**Assignment**
Exactly reproduce the lines of the listing below from the one containing "01 Lots of Information" through the one containing "Award clipart ribbon". Skip the images.

**Data for processing**

____________________

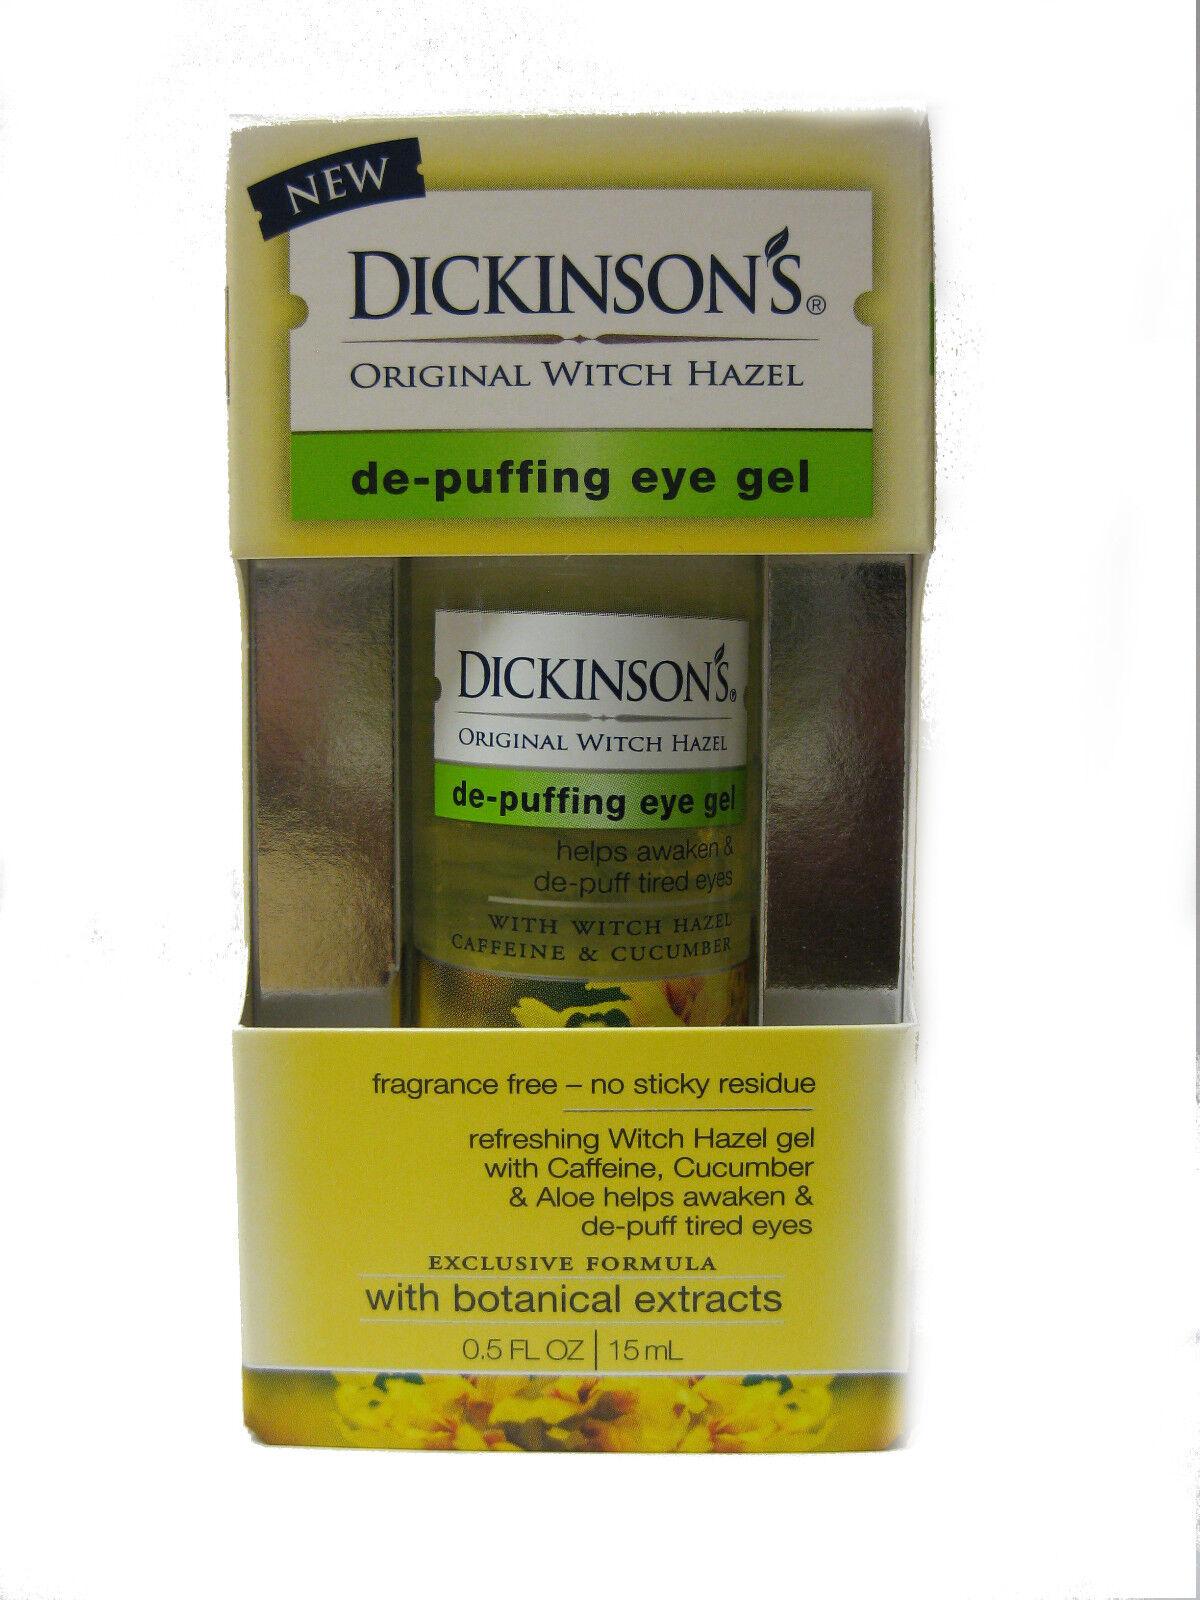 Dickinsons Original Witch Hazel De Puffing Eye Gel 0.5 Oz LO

____________________

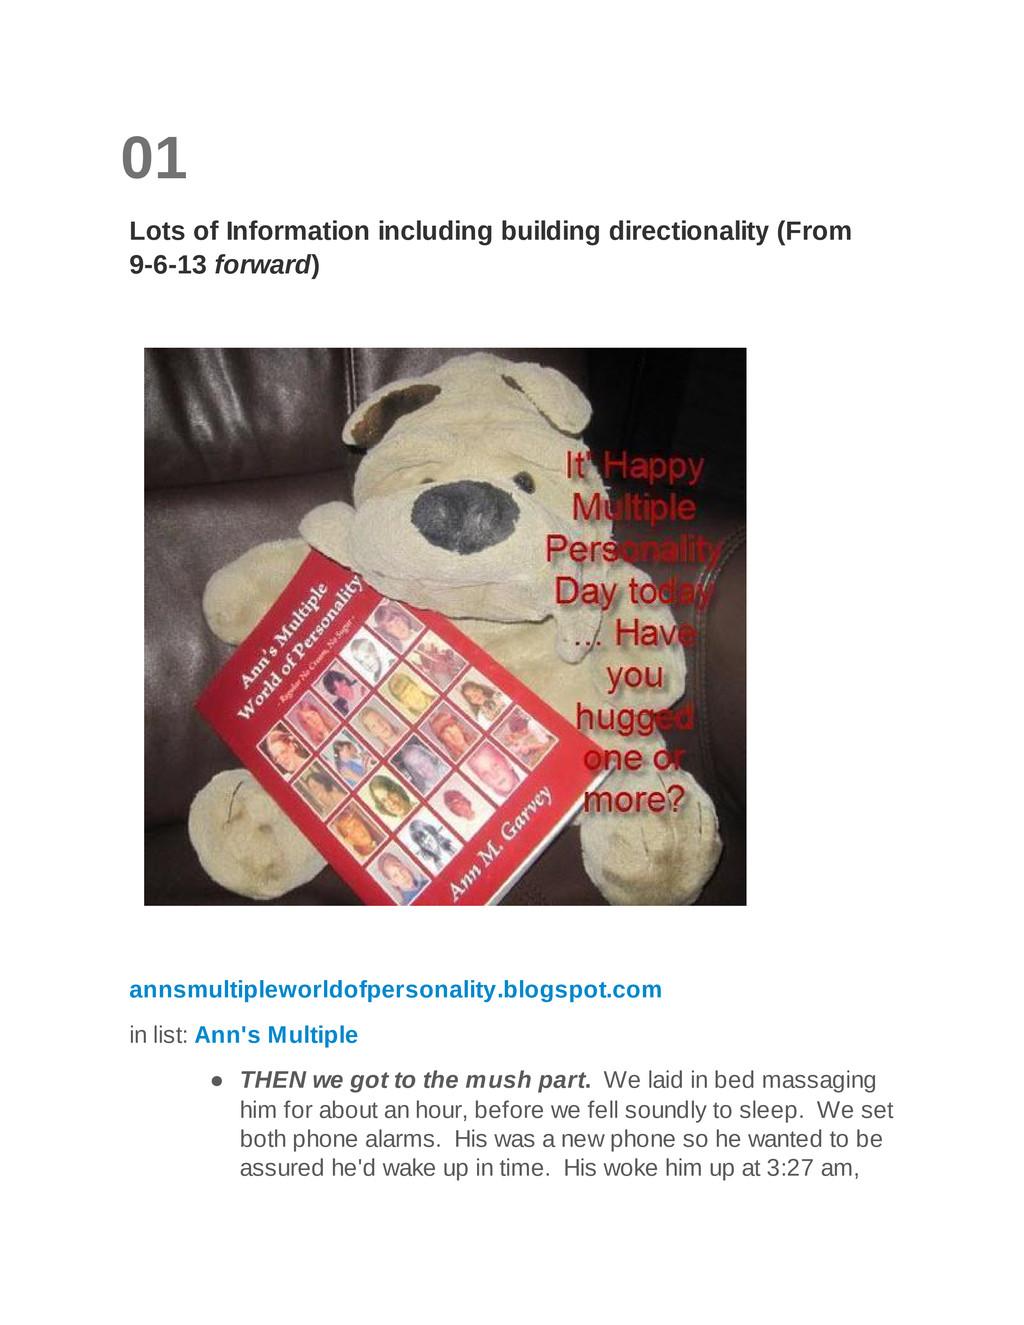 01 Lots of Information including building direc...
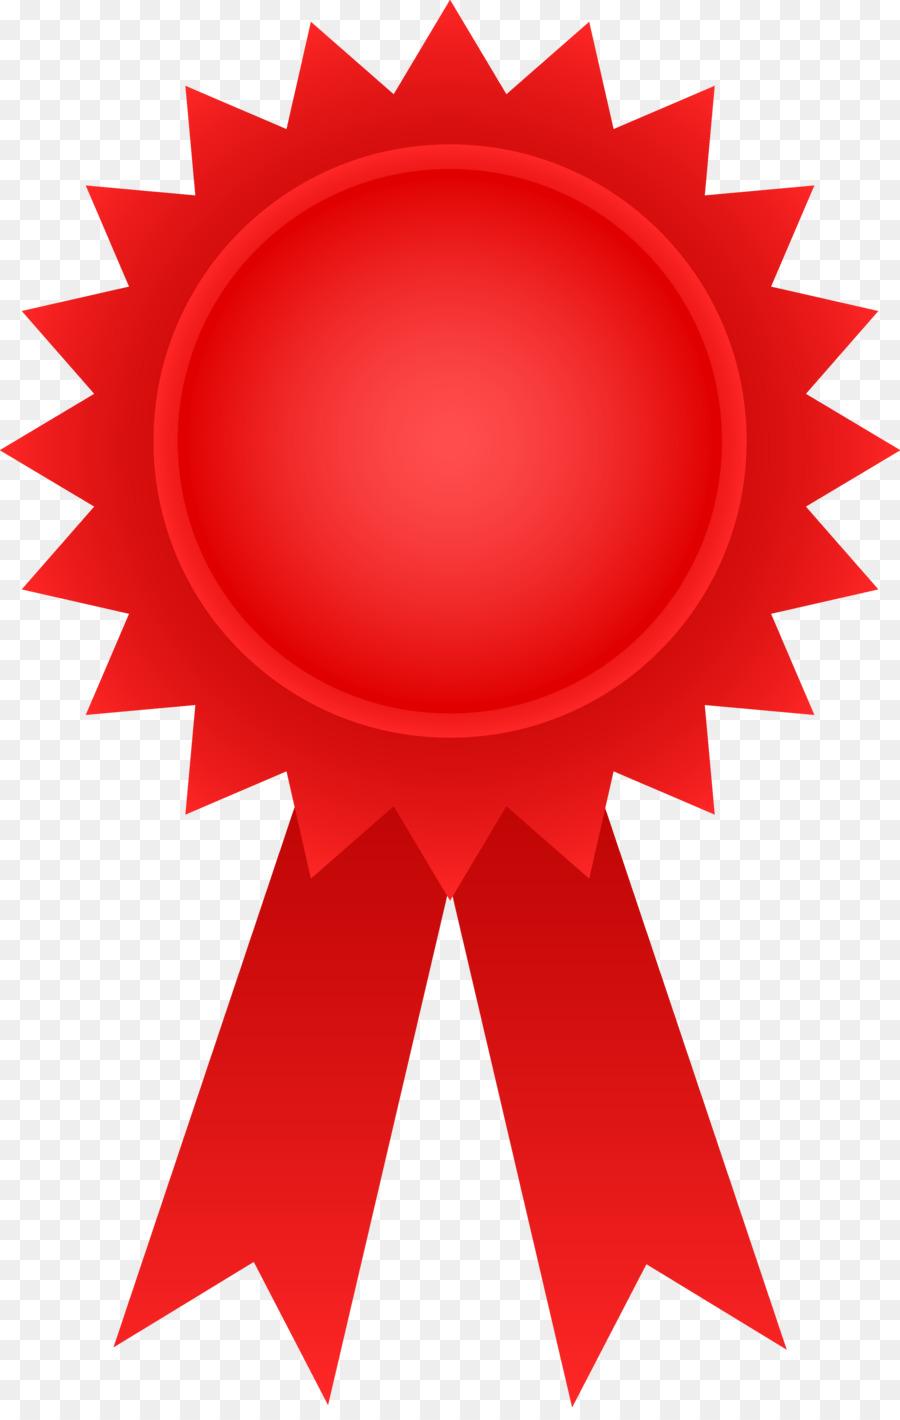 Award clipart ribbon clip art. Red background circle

____________________

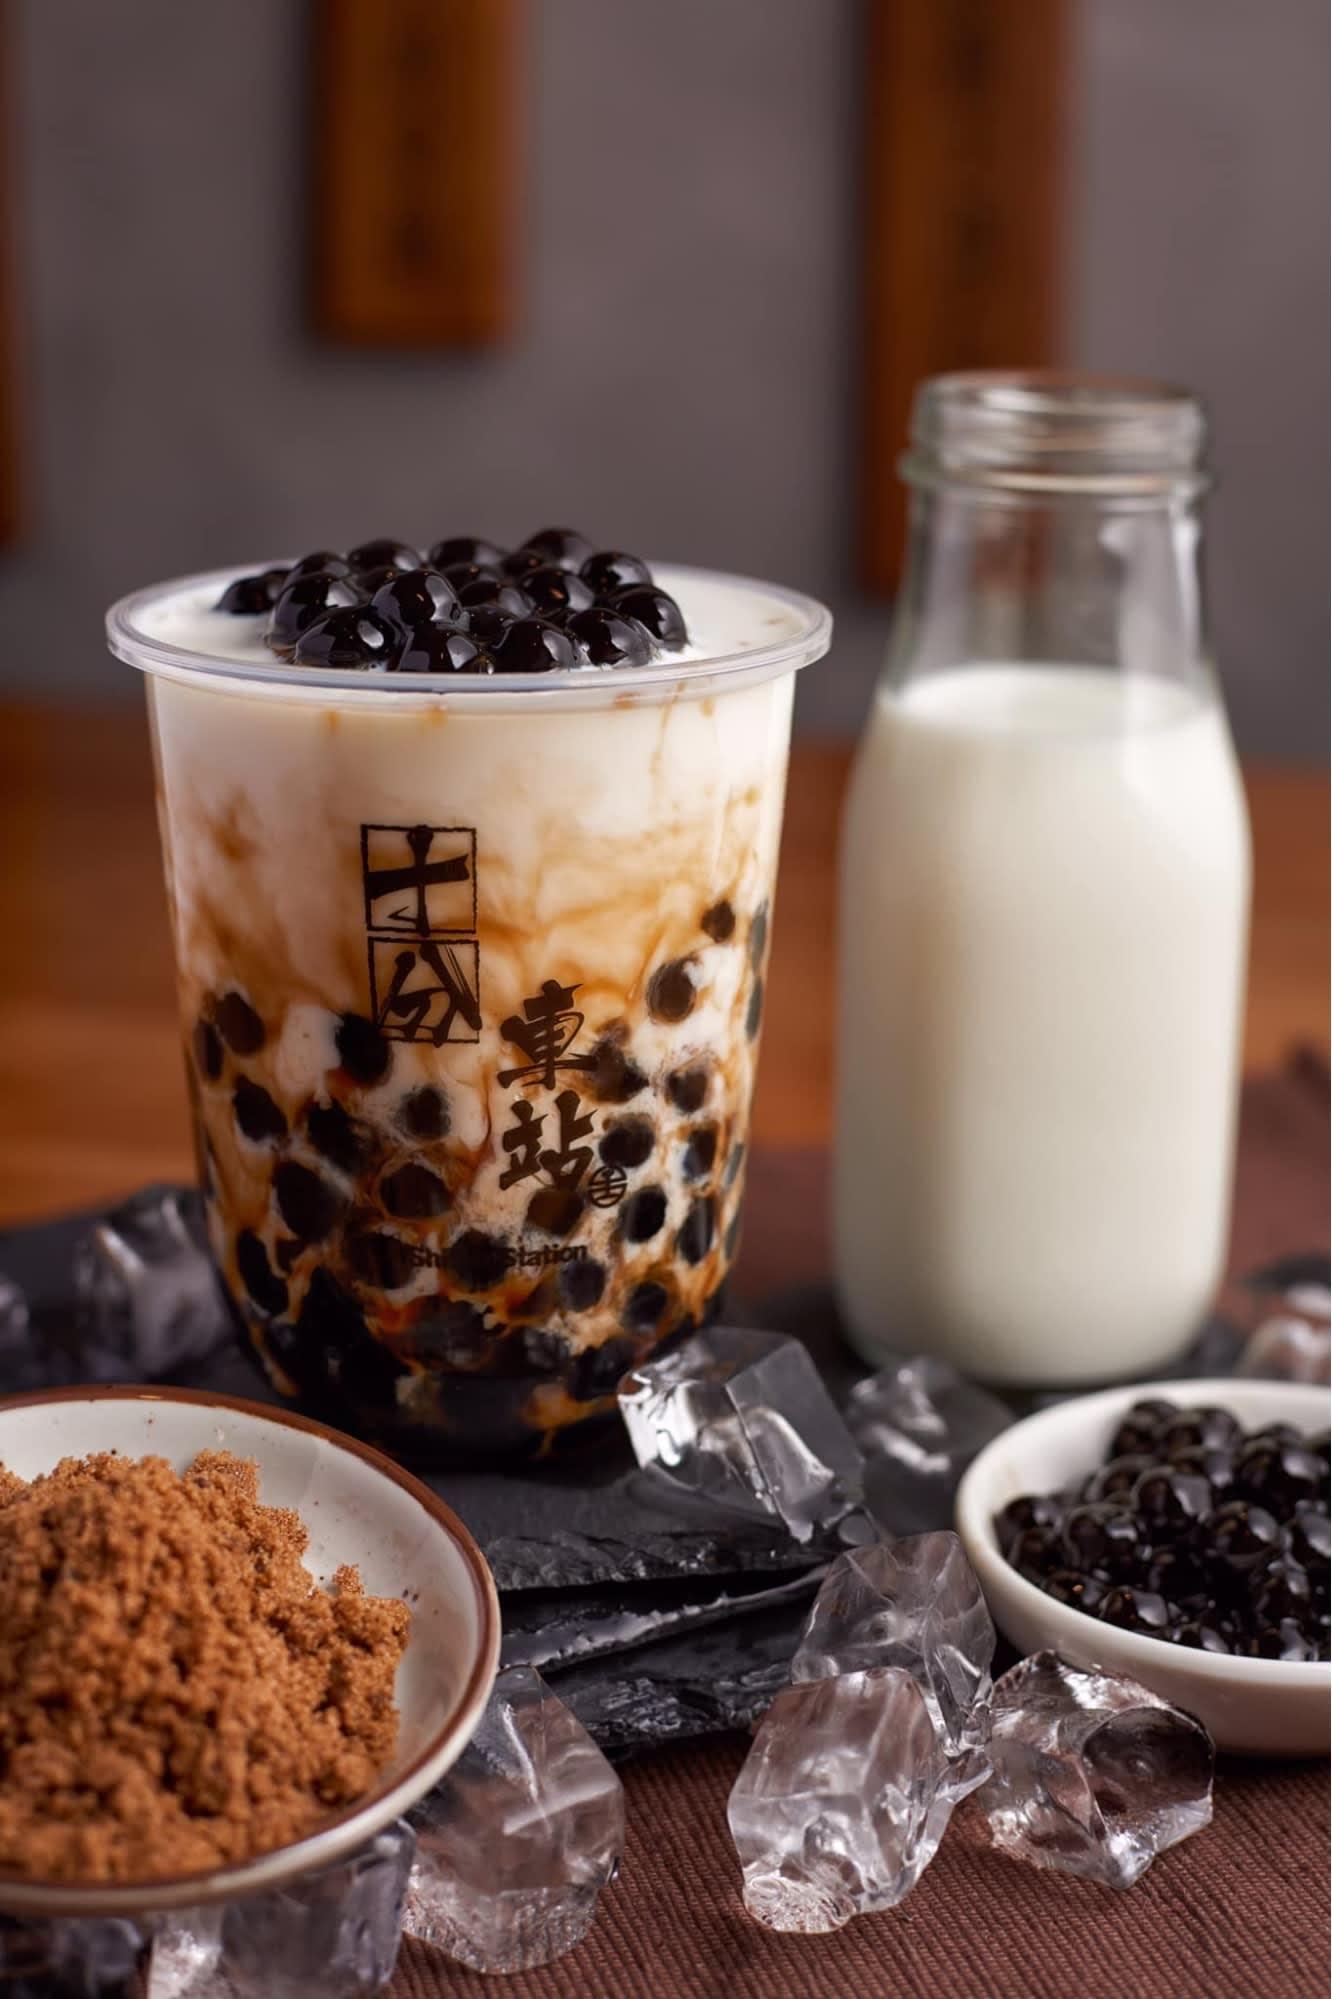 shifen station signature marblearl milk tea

____________________

**Answer below**
 01 Lots of Information including building direc...
 Award clipart ribbon clip art. Red background circle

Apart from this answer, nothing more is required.